Die Ausführungen des Philosophen und Theologen Hempelmann lösten eine rege Aussprache unter den anwesenden Gemeindegliedern aus. Es wurde zum Beispiel nach Wanderungsbewegungen zwischen den Milieus gefragt, die es tatsächlich gibt, wenn auch eher selten, nämlich als Aufstieg in ein ähnliches, aber gehobenes Milieu oder als Abstieg in ein Milieu der Unterschicht. Ein anderes Gebiet, das angesprochen wurde, war die Politik. Anhand der Milieutheorie könne das Ergebnis  der letzten Landtagswahl so erklärt werden, sagte Hempelmann, dass viele Wählerstimmen für die seitherige Regierung aus dem Milieu der Konservativen und dem Milieu der Traditionsbewussten gekommen seien, diese Milieus aber demographisch gesehen abnehmen, während die nachwachsende Generation eher postmodern Performer oder Experimentalisten seien, die sich in den Parteien, die die Wahl gewonnen haben, am ehesten wiederfinden.

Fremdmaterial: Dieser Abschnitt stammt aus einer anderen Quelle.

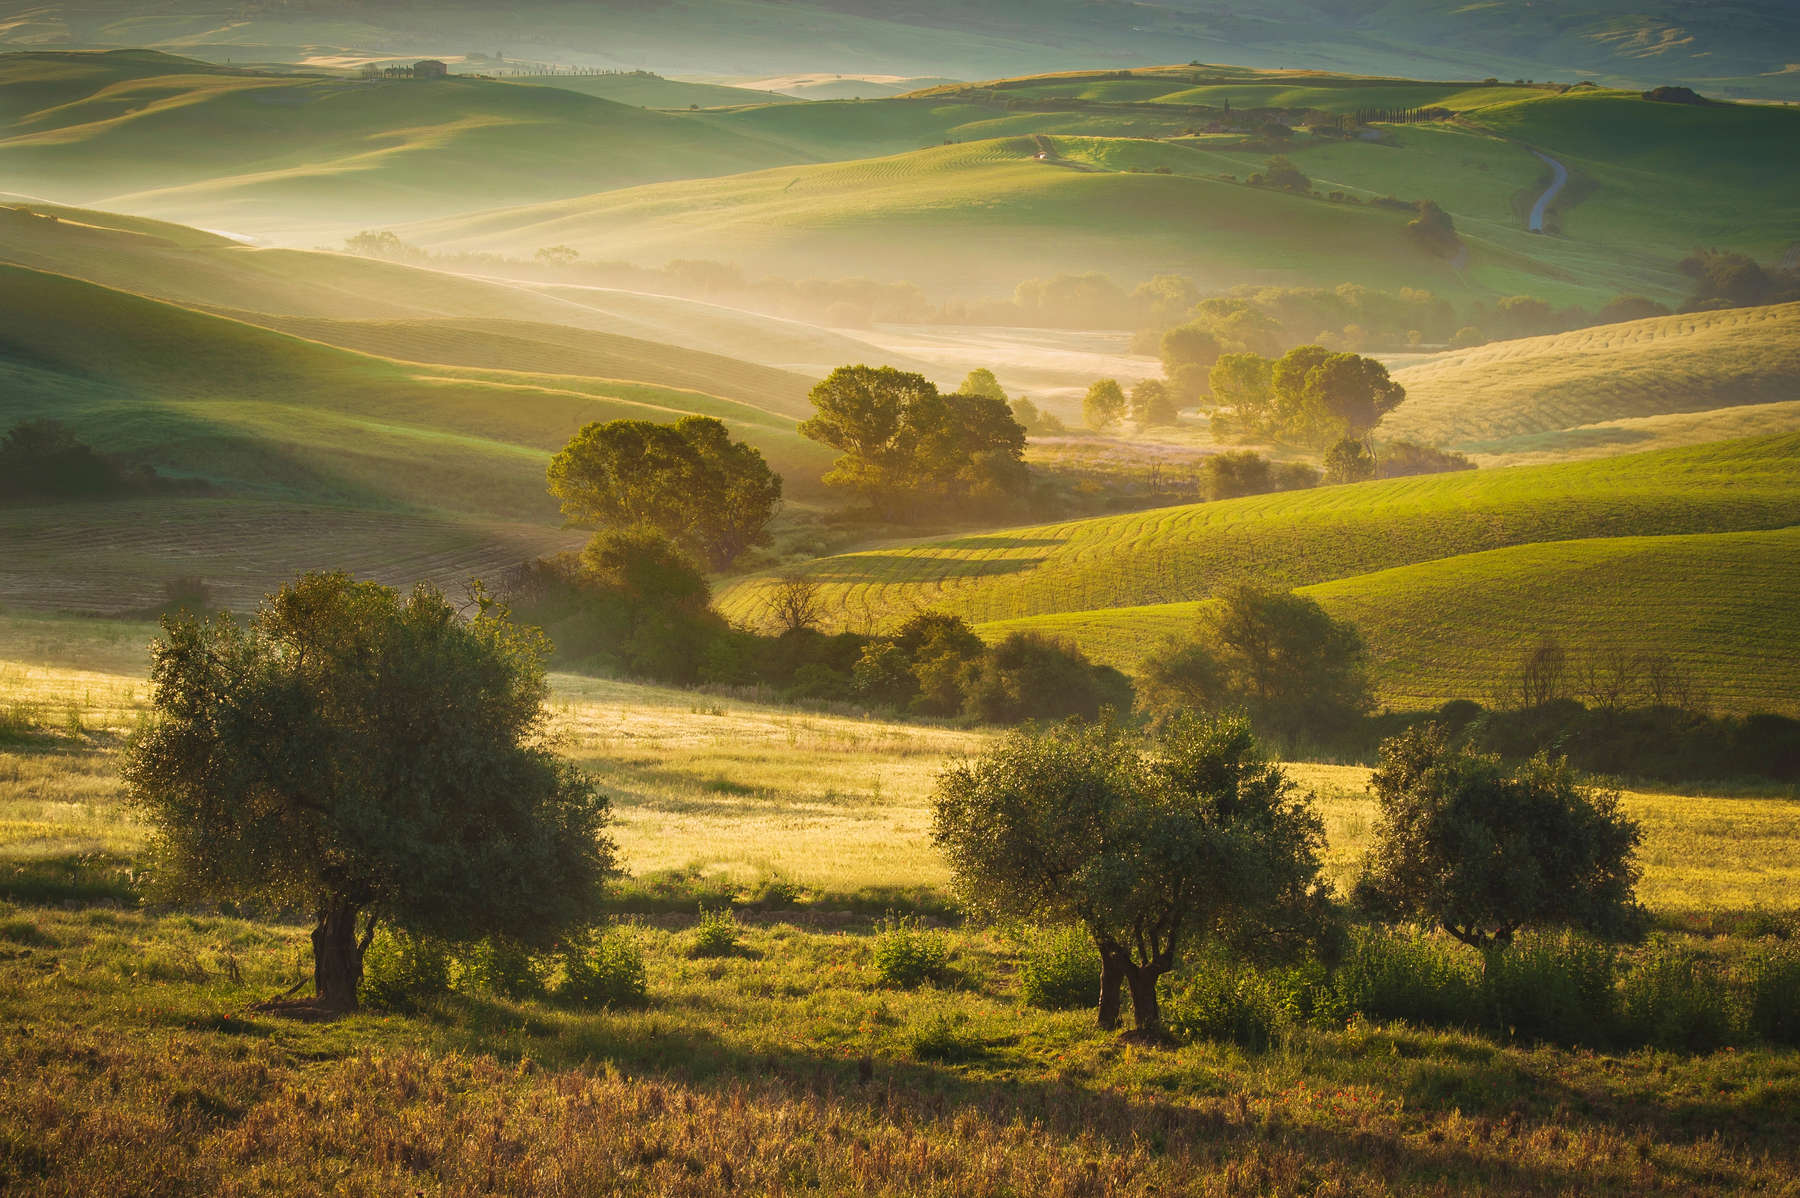 Tuscan olive trees and fields in the area of Siena, Italy
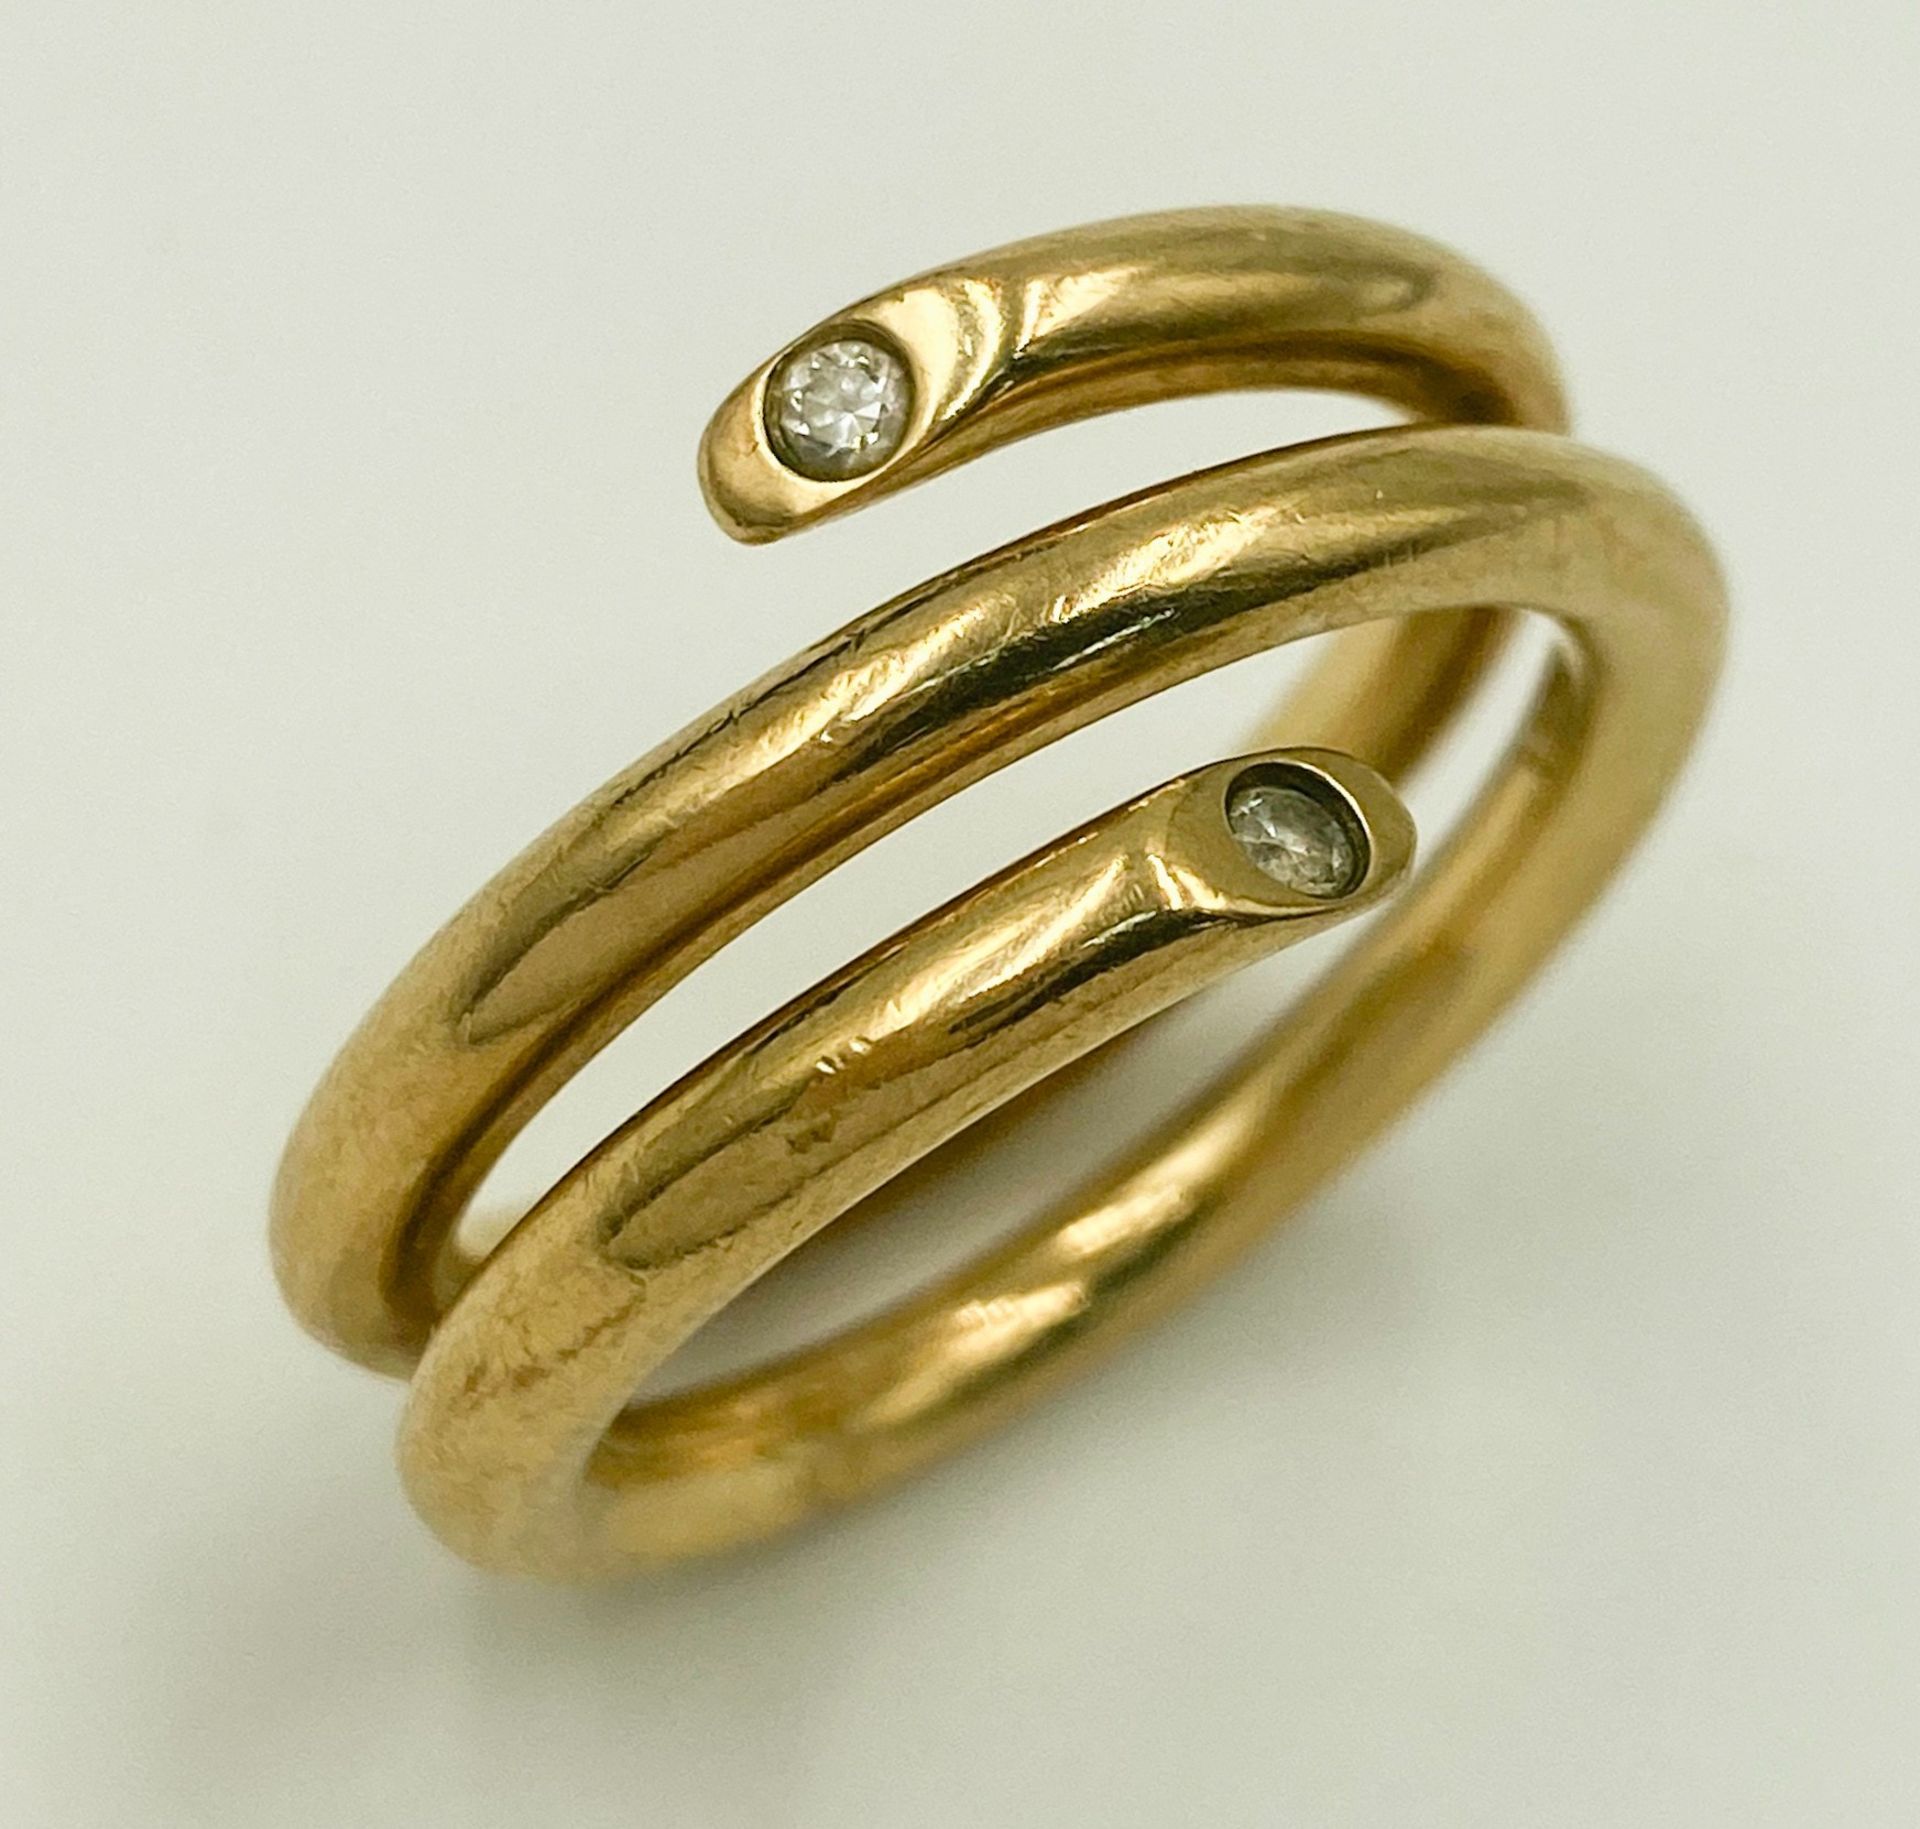 A 9K YELLOW GOLD, SERPENT STYLE DIAMOND BAND RING. 10G. SIZE T.

Als Grundsatz für die kirchliche Arbeit formulierte Hempelmann: „Die Kirche muss sich kulturell auf die Menschen einstellen, nicht die Menschen sich auf die Kirche.“ Dieser Satz führte zu vielen Überlegungen, die angesprochen, aber nicht beantwortet werden konnten: Wie kann ein Einzelner überhaupt angemessen in eine Beziehung zu jemand aus einem anderen Milieu kommen? Wie gelingt Kommunikation mit jemand, der einem anderen, vielleicht entfernten Milieu angehört? Ist es möglich, christliche Themen und Glaubensüberzeugungen in einer Sprache auszudrücken, die in einem anderen, fremd wirkenden Milieu verstanden wird? Wie können wir verständlich ausdrücken, was wir glauben? Wie können kirchliche Angebote aussehen, die auf Menschen aus einem ganz bestimmten Milieu zugeschnitten sind? Soll man solche Angebote überhaupt machen? Wie müssten kirchliche Angebote ausgestaltet sein, dass sie Menschen aus allen Milieus gerecht werden? Mit diesen Fragen werden sich die Kirchengemeinden in ihrem gemeinsamen Entwicklungsprozess „Evangelisch im Täle“ noch intensiver beschäftigen.